IRS Increases 401(k) and IRA Contribution Limits for 2026

The Internal Revenue Service (IRS) has announced significant changes to the contribution limits for 401(k) plans and individual retirement accounts (IRAs), effective in 2026. The new limits will allow individuals to save more for retirement, with the 401(k) contribution limit set to rise to $24,500, an increase from $23,500 in 2025. Additionally, the IRA contribution limit will increase to $7,500, up from $7,000 this year.

These adjustments, revealed in an IRS release on January 30, 2024, are part of a broader set of cost-of-living adjustments impacting retirement savings accounts. The increase in contribution limits reflects the IRS’s efforts to help taxpayers save adequately for their retirement amid rising living costs.

Details of the Increased Contribution Limits

For those aged 50 and older, the catch-up contribution limit for 401(k) plans will also see an increase, rising to $8,000 in 2026. This provision allows older workers to contribute additional funds to their retirement accounts, fostering increased savings as they approach retirement age.

The limits for IRA contributions will similarly benefit older taxpayers. The catch-up contribution limit for individuals aged 50 and above will increase by $1,100 to $1,100 in 2026.

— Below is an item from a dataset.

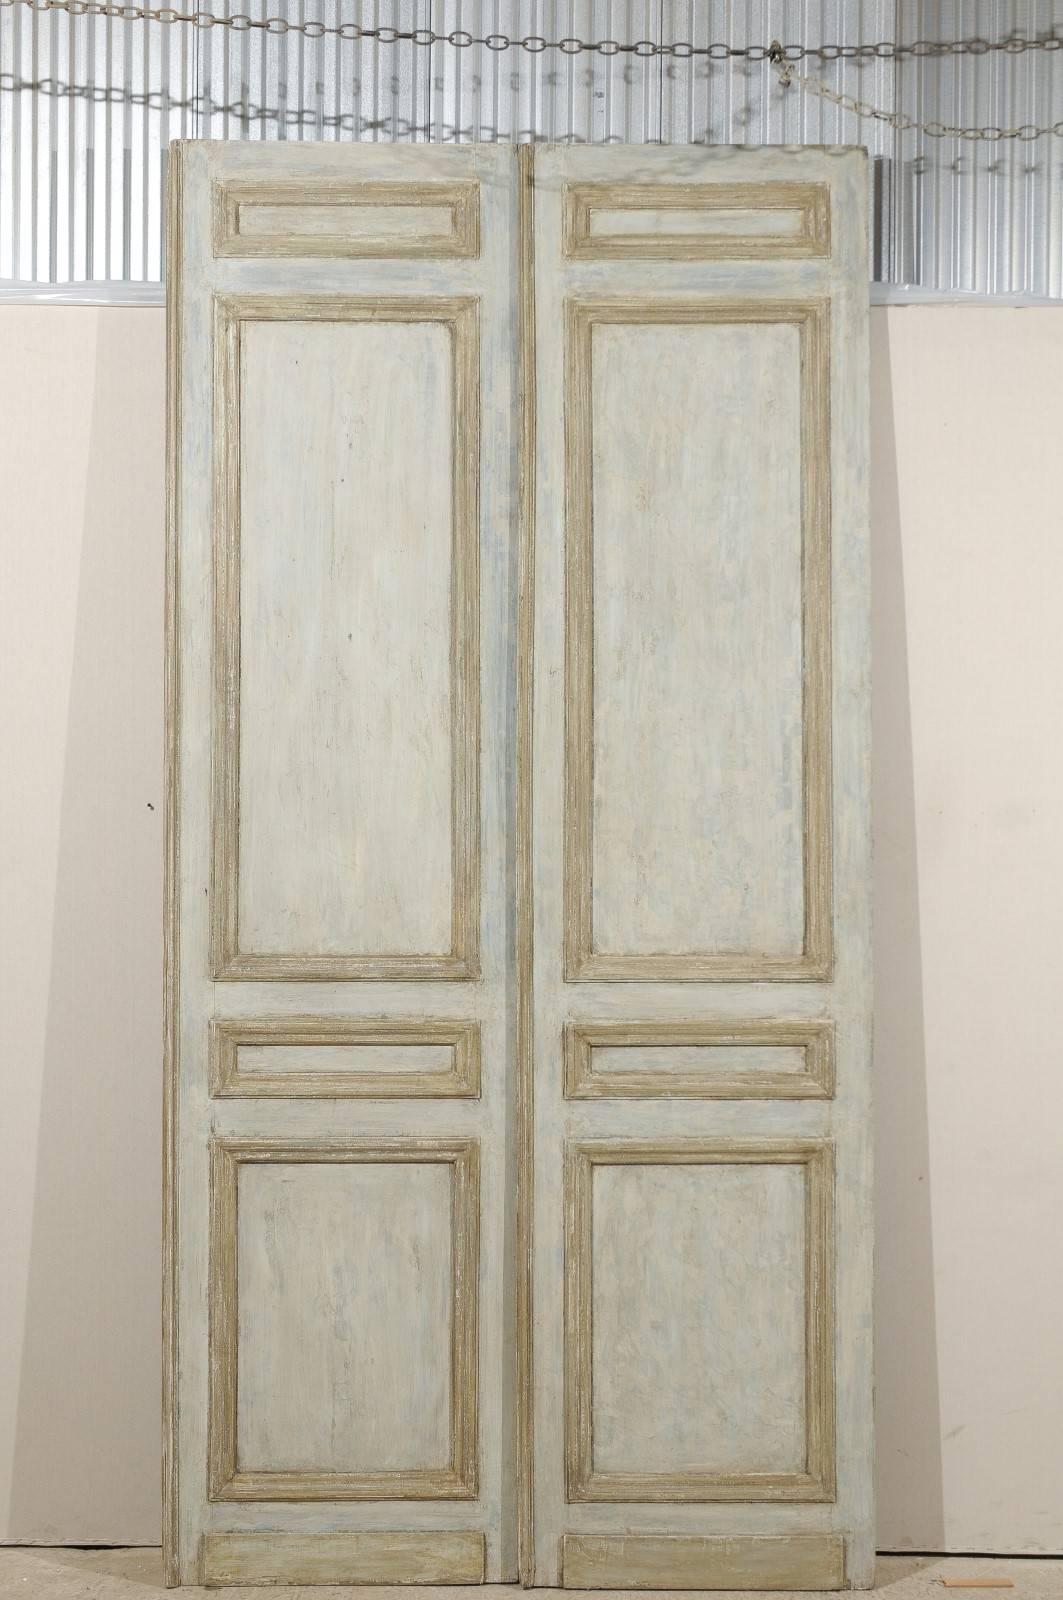 antique folding doors

According to the IRS, taxpayers may deduct contributions to a traditional IRA under specific circumstances. If either the taxpayer or their spouse is covered by a workplace retirement plan, the deduction may be phased out based on their income and filing status.

Updated Phase-Out Ranges for Deductibility

The IRS has adjusted the phase-out ranges for taxpayers eligible to deduct IRA contributions. For single taxpayers covered by a workplace retirement plan, the phase-out range will rise to between $81,000 and $91,000, up from the previous range of $79,000 to $89,000 in 2025.

For married couples filing jointly, if the spouse making the IRA contribution is covered by a workplace retirement plan, the phase-out range increases to between $129,000 and $149,000, compared to $126,000 to $146,000 in 2025.

If a contributor is not covered by a workplace retirement plan but is married to someone who is, the phase-out range is now between $242,000 and $252,000, an increase from $236,000 to $246,000 this year. For married individuals filing separately who are covered by a workplace retirement plan, the phase-out range remains unchanged at between $0 and $10,000.

The income phase-out range for contributing to a Roth IRA is also set to rise. For singles and heads of household, the range will increase to between $153,000 and $168,000, compared to $150,000 to $165,000 in 2025. For married couples filing jointly, the range will rise to between $242,000 and $252,000 from $236,000 to $246,000 the previous year.

Additionally, the IRS has raised the income limit for the Saver’s Credit, aimed at assisting low- and moderate-income workers. For married couples filing jointly, the income limit is now $80,500, up from $79,000 in 2025. Heads of household will see an increase to $60,375, while singles and married individuals filing separately will have a limit of $40,250, compared to $39,500 in 2025.

The IRS’s announcement provides essential guidance for retirement planning, enabling individuals to maximize their savings as they prepare for the future. With these changes, taxpayers can make informed decisions that align with their financial goals.